For the first time, Erickson says, she took out a business loan—a 30-year mortgage to sustain her training program.
“I’m not making any money right now,” she says. “I’m trying to work with students to find them other places to work, but it’s tough. Salons have shut down. I’ve lost apprentices—almost a third of them got pregnant and quit. And me, myself, I’m at a standstill.”
If public health officials produced data that showed salons as high-risk for coronavirus outbreaks, that would be one thing, Jones says. But he has yet to see any from the state or local governments. What few numbers are available seem to back his suspicions about the shutdowns being less science-and-data-based than Newsom lets on.

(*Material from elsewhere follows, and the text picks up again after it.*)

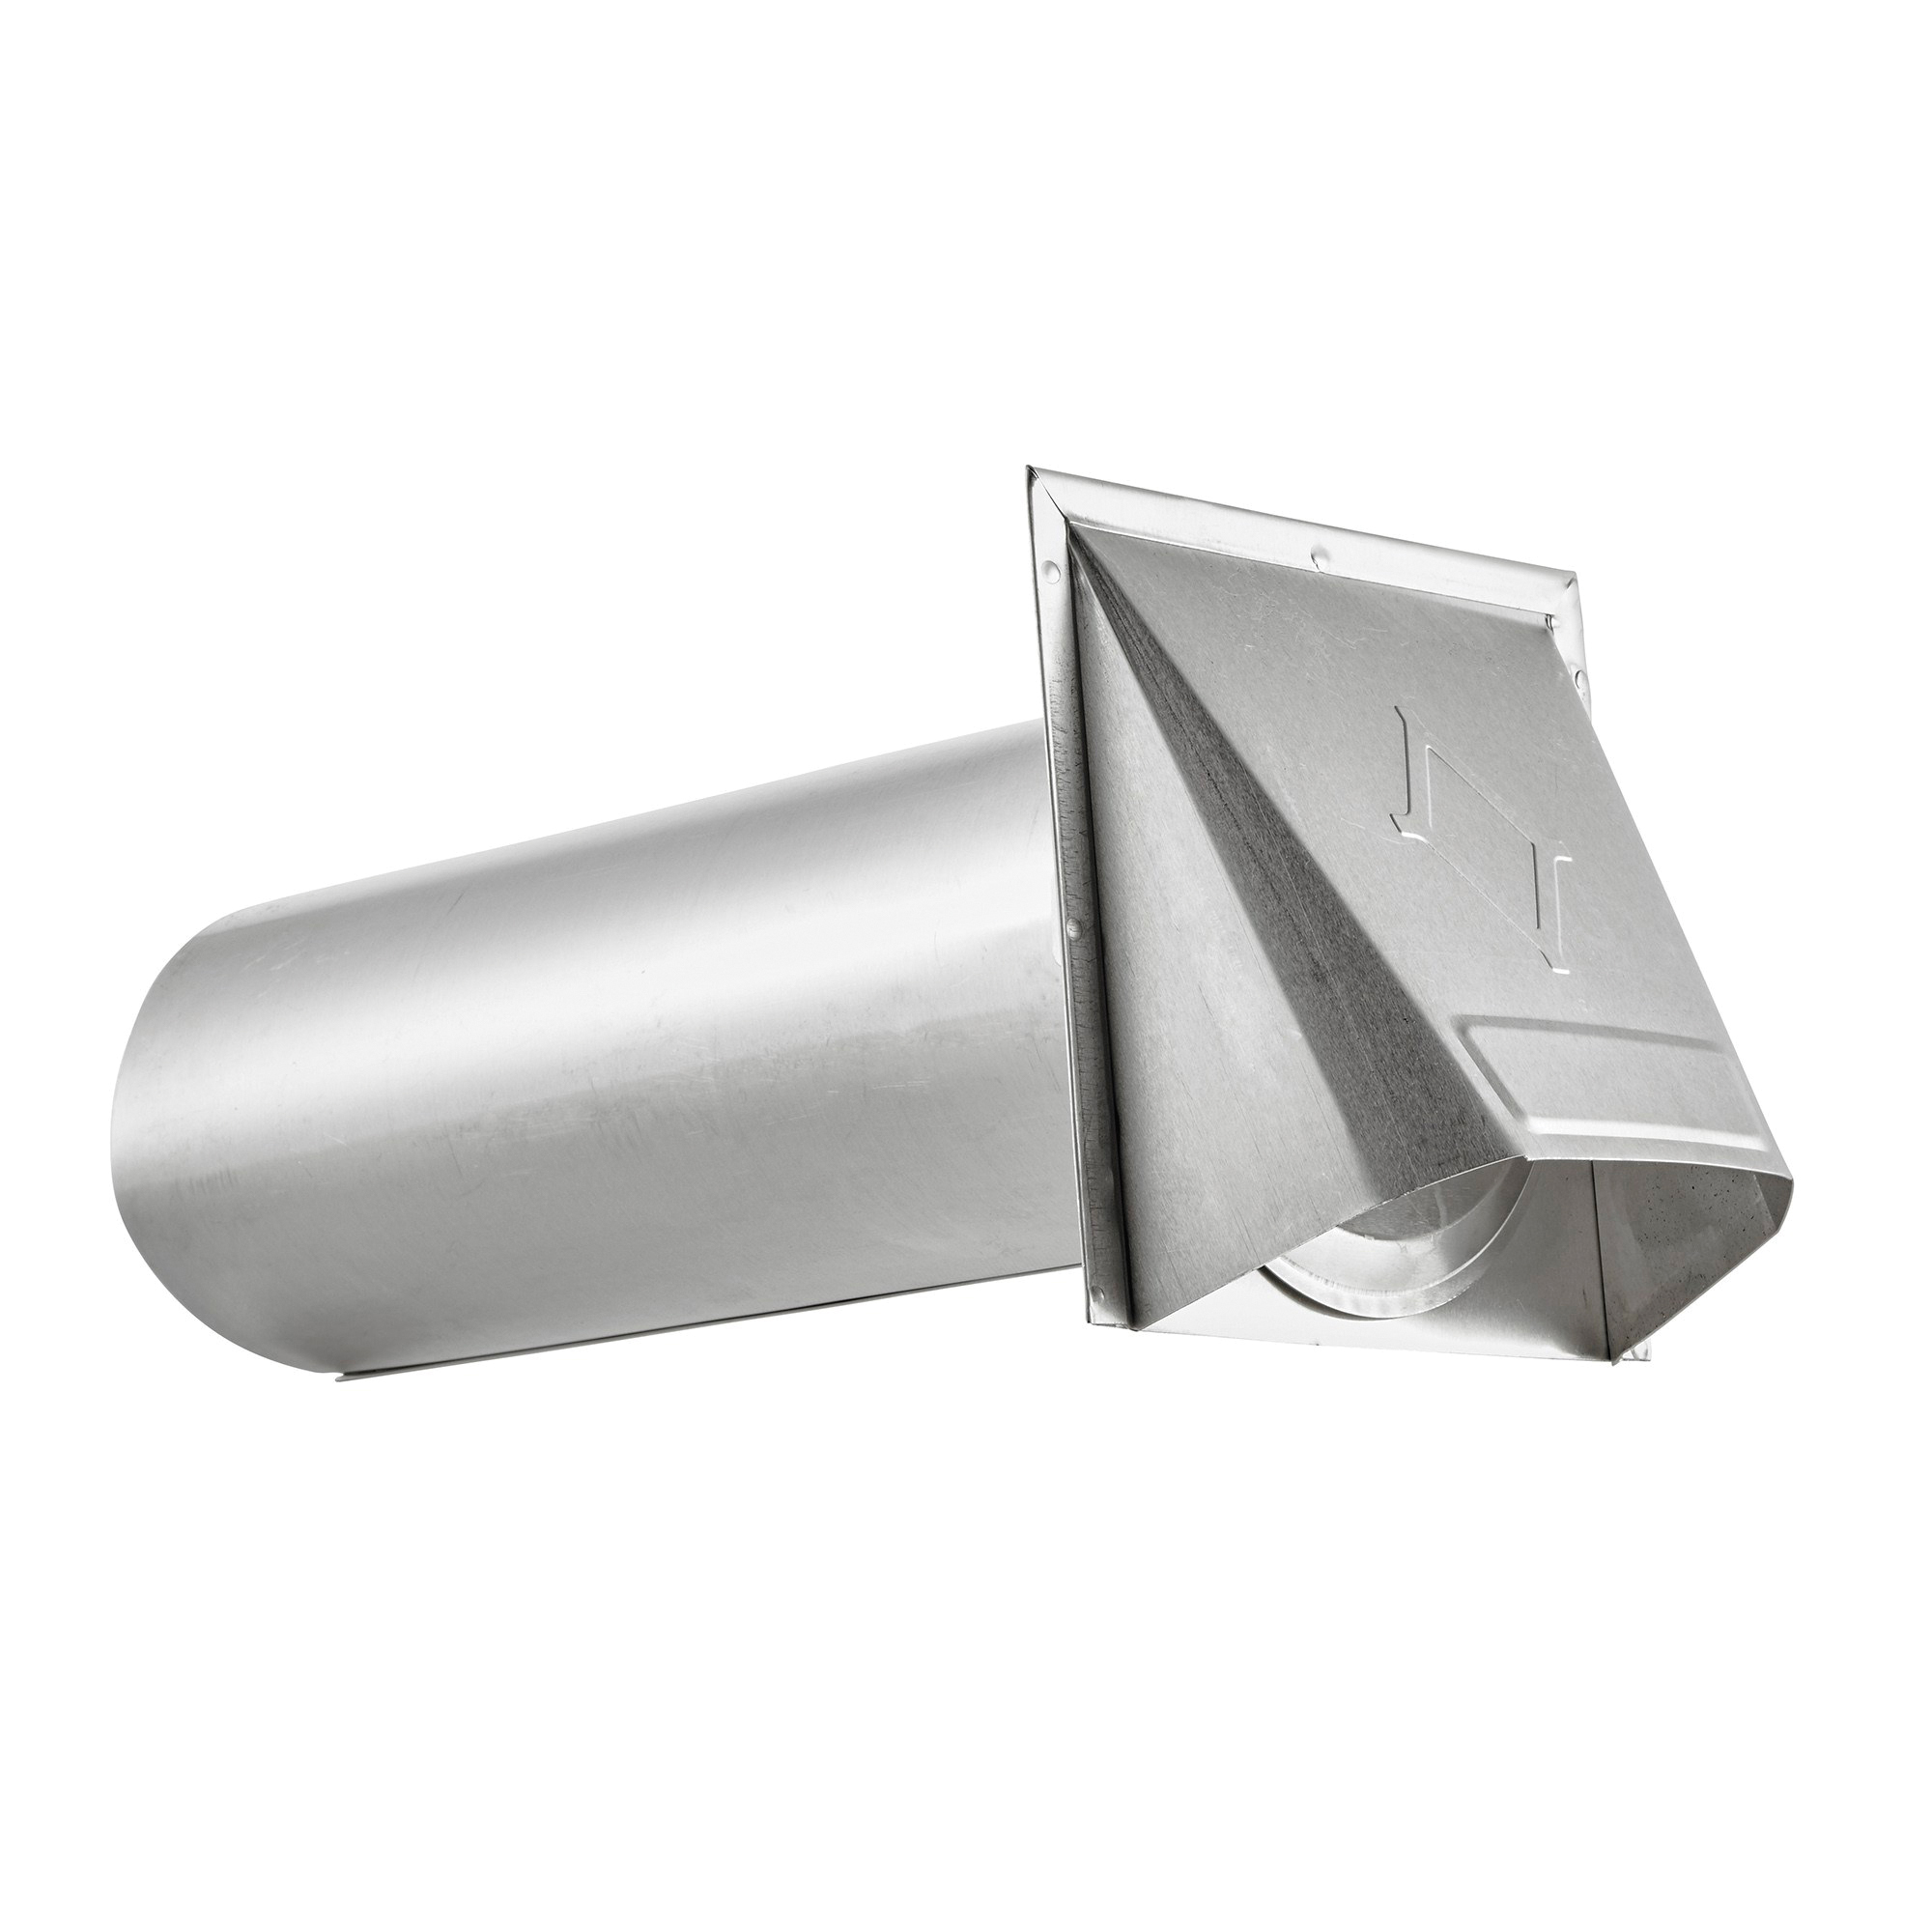 Lambro 544 Hood Vent With 11 in Tail Pipe, 4 in Dia, 2-1/2 in Hood Opening, 11 in Tube, Domestic

Statistics released last month by the New York Gov. Andrew Cuomo’s office show that 74% of Covid-19 cases for which there’s contact-tracing data available were attributed to household gatherings. Bars and restaurants accounted for just 1.43% of the spread. Salons and personal care services, just 0.14%.

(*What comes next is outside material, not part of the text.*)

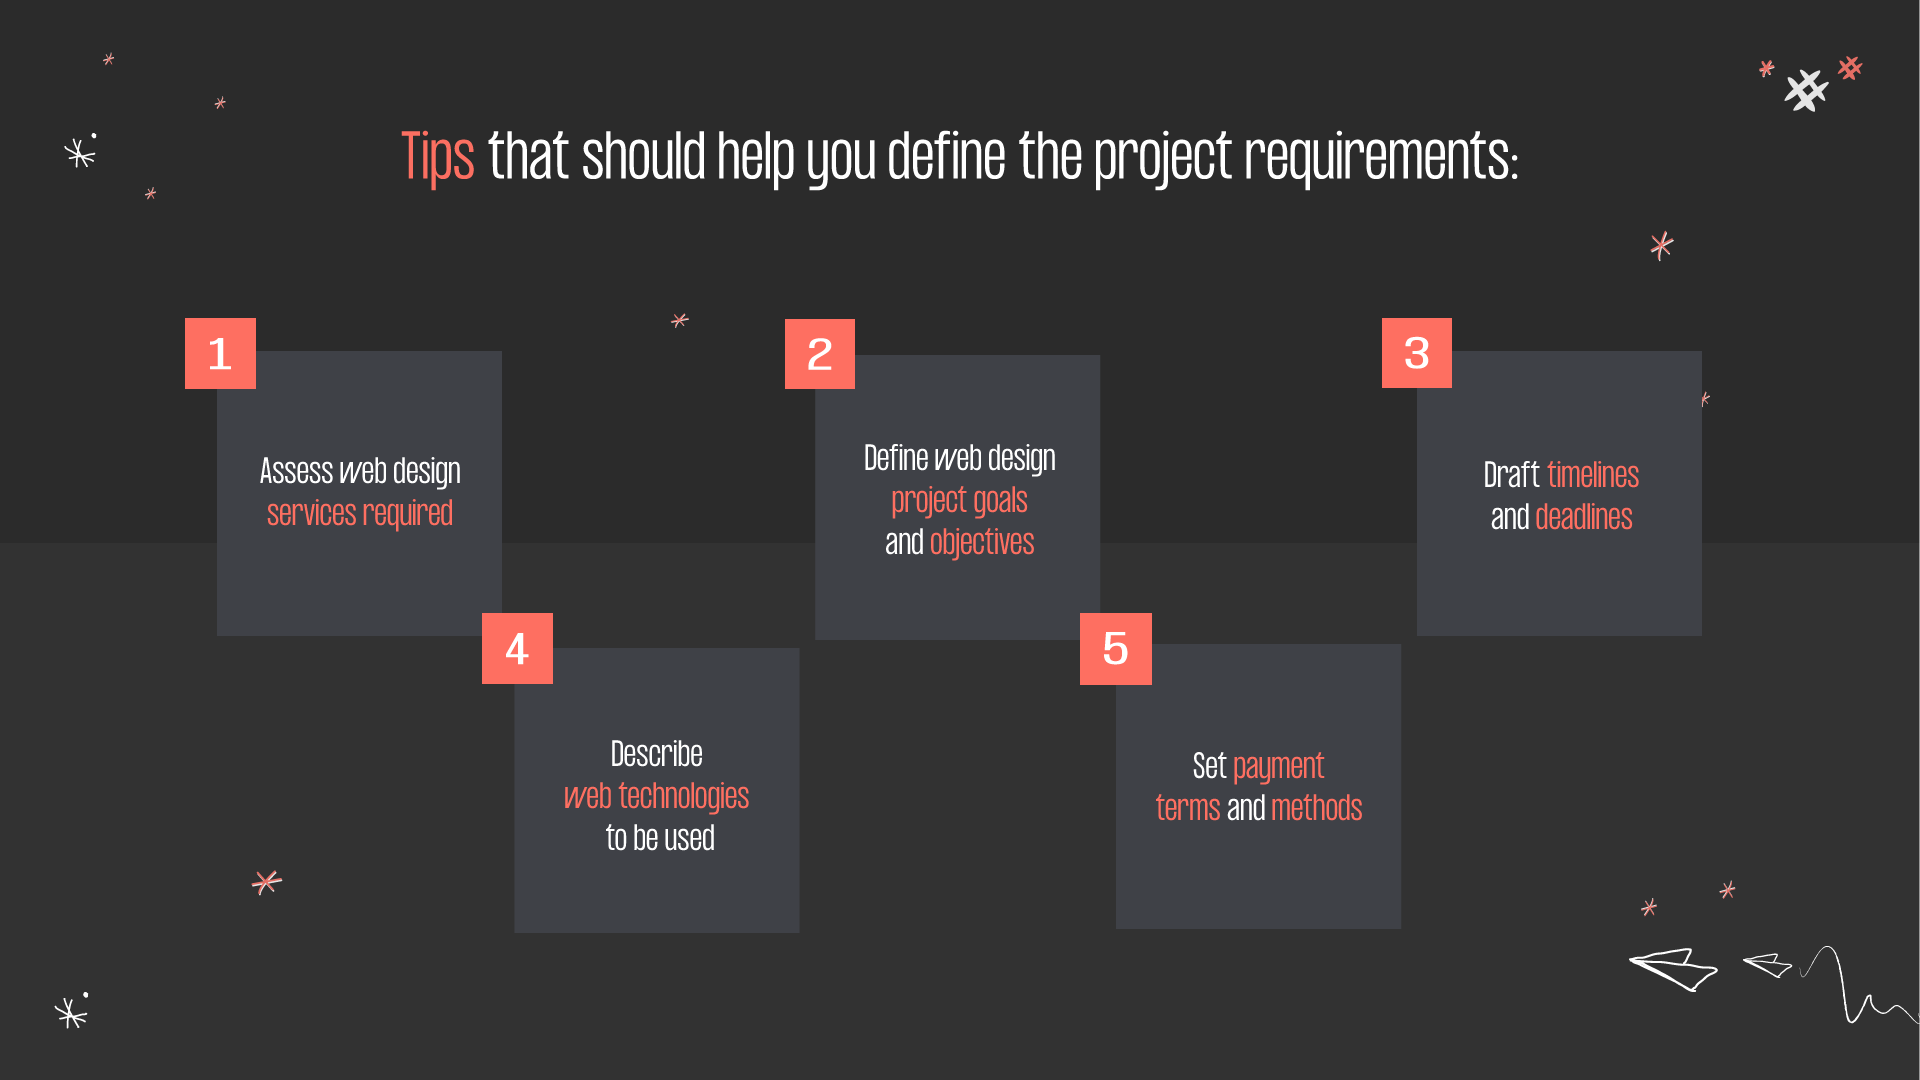 Tips that should help define the project requirements

Jones wants to see similar California data.
Riley—a PBFC member but not part of the lawsuit—says prior to March 2020, Lavish was “riding high,” with a full-time dedicated staff, a long waitlist of clients and a Good Times Best of 2019 award. All that quickly changed after the first shutdown.
“When we came back I was devastated,” she says, recalling five of her employees didn’t return.
“It was a financial blow to us and many more clients were too scared to come in.”
Like Love, Riley says her landlord was “very gracious and understanding” during this time. However, she was able to receive the PPP grant to pay employees and spent over $4,000 of her own money remodeling the salon to be compliant with new, Covid-friendly regulations. She also had to take out a $14,000 Small Business Administration loan.
As the shutdowns continued, more and more employees left—either Santa Cruz, the industry, or both. This forced Lavish to transition from a formerly full-service salon to exclusively hair services when it reopened this week.
Riley says that at times it felt like law-abiding salons were often being punished while so many stylists in the county continued their business illegally. Riley says “probably a third” of the salons in Santa Cruz remained opened, covering their windows with butcher paper or drawing the curtains to detract attention.
“We all found out the police weren’t really enforcing it, but I couldn’t do that,” she adds. “I felt that by doing it in hiding, that was me telling the world, ‘I don’t care if people get sick and die,’ and I couldn’t do that.”
While Riley and Love are excited to be back behind the clippers, both are also hesitant to see what happens next, and don’t know what they will do if another shutdown is enacted.
“What are they preventing? Obviously the numbers still went up despite shutdowns,” says Love. “The data’s not improving.”